I am using 40-130 degrees ATDC.

Rhinoman wrote:How is the knock sensor mounted? it is very important that the mounting surfaces are flat and the sensor is correctly torqued.

It is mounted to block via factory knock sensor boss (just below the cylinder head between cylinders 2 and 3). It was tightened with a wrench but I have no idea on the actual torque.

Rhinoman wrote:In a previous job I used to design this type of sensor and interface circuitry, most of the issues that we had, even on the vibrator, were from the mounting of the sensor; even the weight of the wires can cause a resonance.

I've seen the warnings of resonance from the wiring in several datasheets for knock sensors. However, they do not provide much information in regards to preventing resonance. Would you care to explain how to prevent resonance of the wiring? The knock sensor uses the factory connector and a single conductor Tefzel shielded wire crimped to the appropriate terminal.

Edit:

Also, I am using the factory resonant sensor (not flat response).

Everything has a resonant frequency, the weight of the wiring or the wiring moving around or vibrating can cause the response of the sensor to change which can lead to a non-linear response and amplification of unwanted frequencies.
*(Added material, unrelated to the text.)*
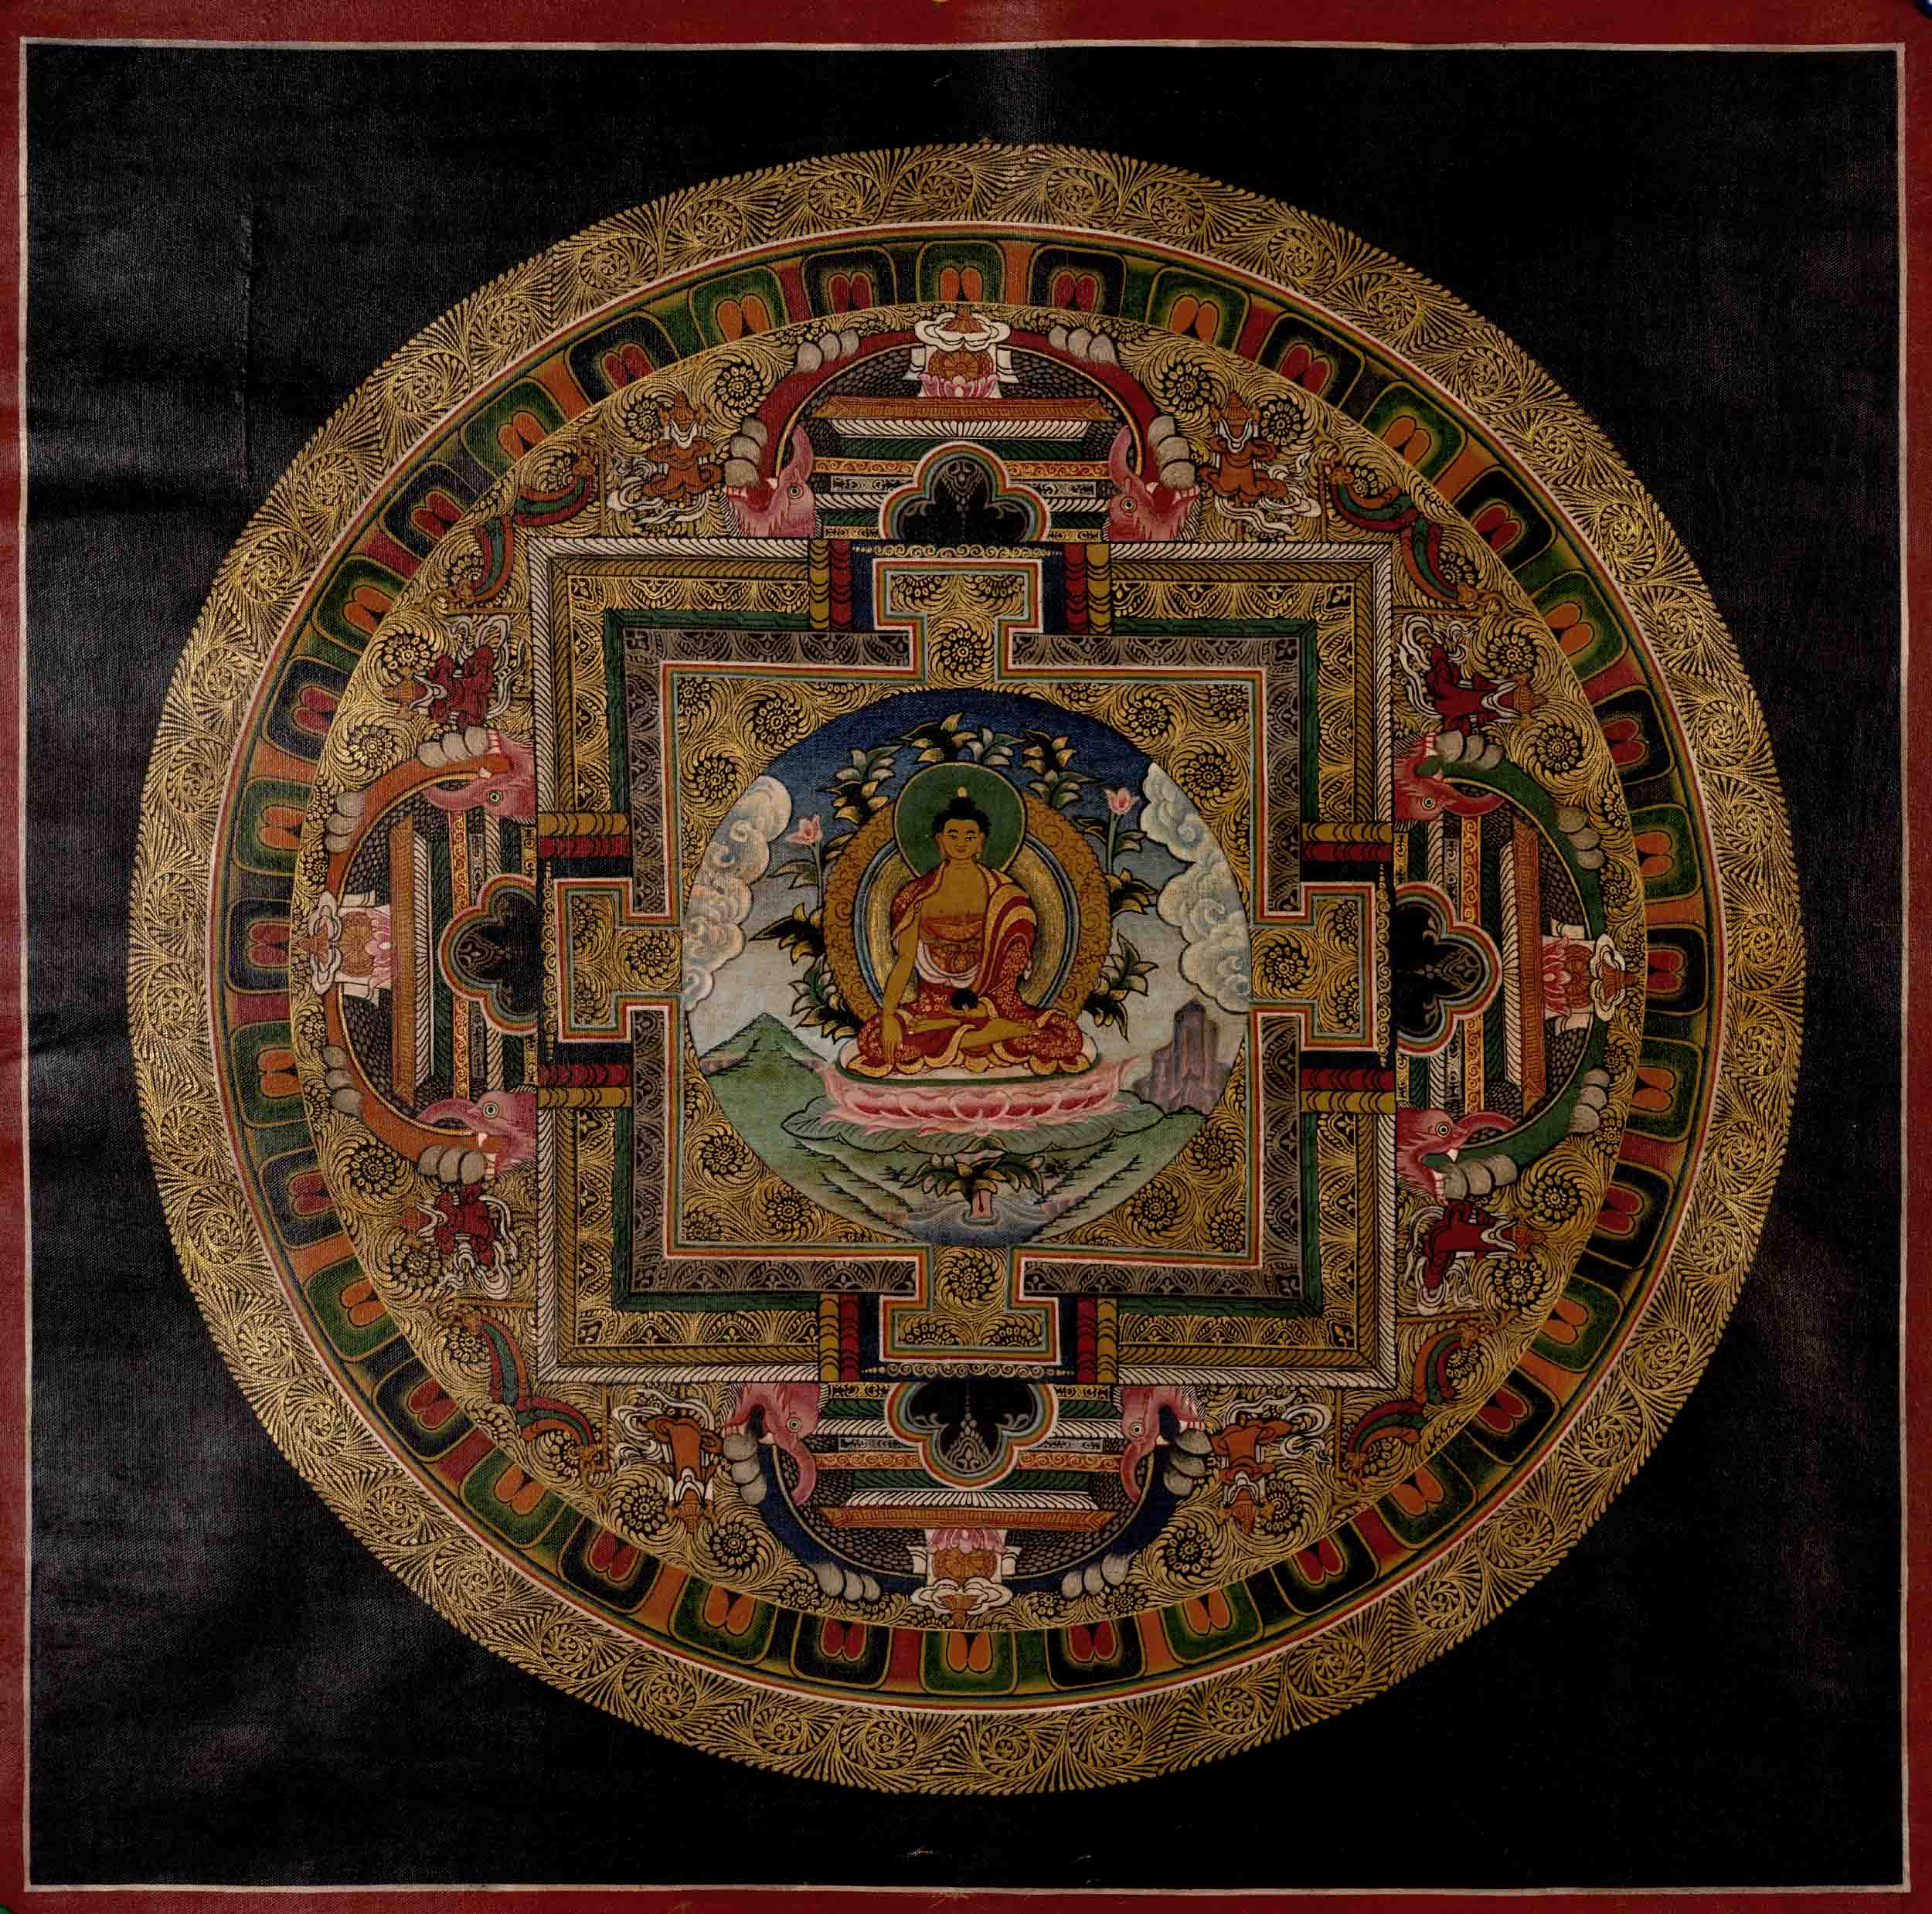 Shakyamuni Buddha Mandala | Buddha Shakyamuni Thangka | Wall Decoration Painting | Art Painting for Meditation and Good Luck to house

If the wiring follows the original factory wiring then it should be OK.
The TPIC8101 is really designed for a sensor with a 'flat' response, the input filtering reduces the amplitude of the knock frequency but will attenuate the unwanted frequencies by a higher amount, if your sensor is a resonant sensor then you shouldn't see much in the way of out of bound frequencies. Have you tested the sensor? if you can feed the output to a spectrum analyser and then tap the sensor you shouldn't see much output away from the resonant frequency and you can fine tune the filter parameters.
You may also have too much gain from the sensor, have you tried to induce knock? if so then how far above the noise floor is the knock signal.
Your sensor is likely to have a different internal resistance and capacitance so you could try tweaking the input stage to try and optimise the impedance match.
I don't suppose you have a datasheet for the sensor?
Do you know what your valve timing is? the inlet closes after TDC so, if possible, you should try to avoid sampling the knock sensor during that period.

Rhinoman wrote: You may also have too much gain from the sensor, have you tried to induce knock? if so then how far above the noise floor is the knock signal.
Your sensor is likely to have a different internal resistance and capacitance so you could try tweaking the input stage to try and optimise the impedance match.
I don't suppose you have a datasheet for the sensor?

I've made an attenuator that I will be testing later today. I wish I had a datasheet for this sensor. That would make everything a lot easier.

Rhinoman wrote: Do you know what your valve timing is? the inlet closes after TDC so, if possible, you should try to avoid sampling the knock sensor during that period.

I cannot remember the exact timing but I believe my window is several degrees away from valves opening or closing.

One if the advantages of a sensor with a flat response is that you can set a window to 'look' for the valve closing disturbance and then analyse it for disruptive frequencies. It may be worth changing the sensor temporarily to try and see what is going on.

As I suspected, this sensor's voltage output is one or two orders of magnitude larger than the sensors in the application examples TI provided. The attenuator seems to have resolved the issue. However, I do I need to do a little more fine tuning. Here's the most recent log. This is with the digital gain set to 2 and an attenuation factor somewhere between 0.1-0.5. I will take an out of circuit measurement of the pot once I am happy with the circuit's performance.



As you can see the output is considerably less at high RPMs. After a little more adjustment of the attenuator I will get some actual knocking datalogs.

Here's the attenuator circuit I am currently tweaking.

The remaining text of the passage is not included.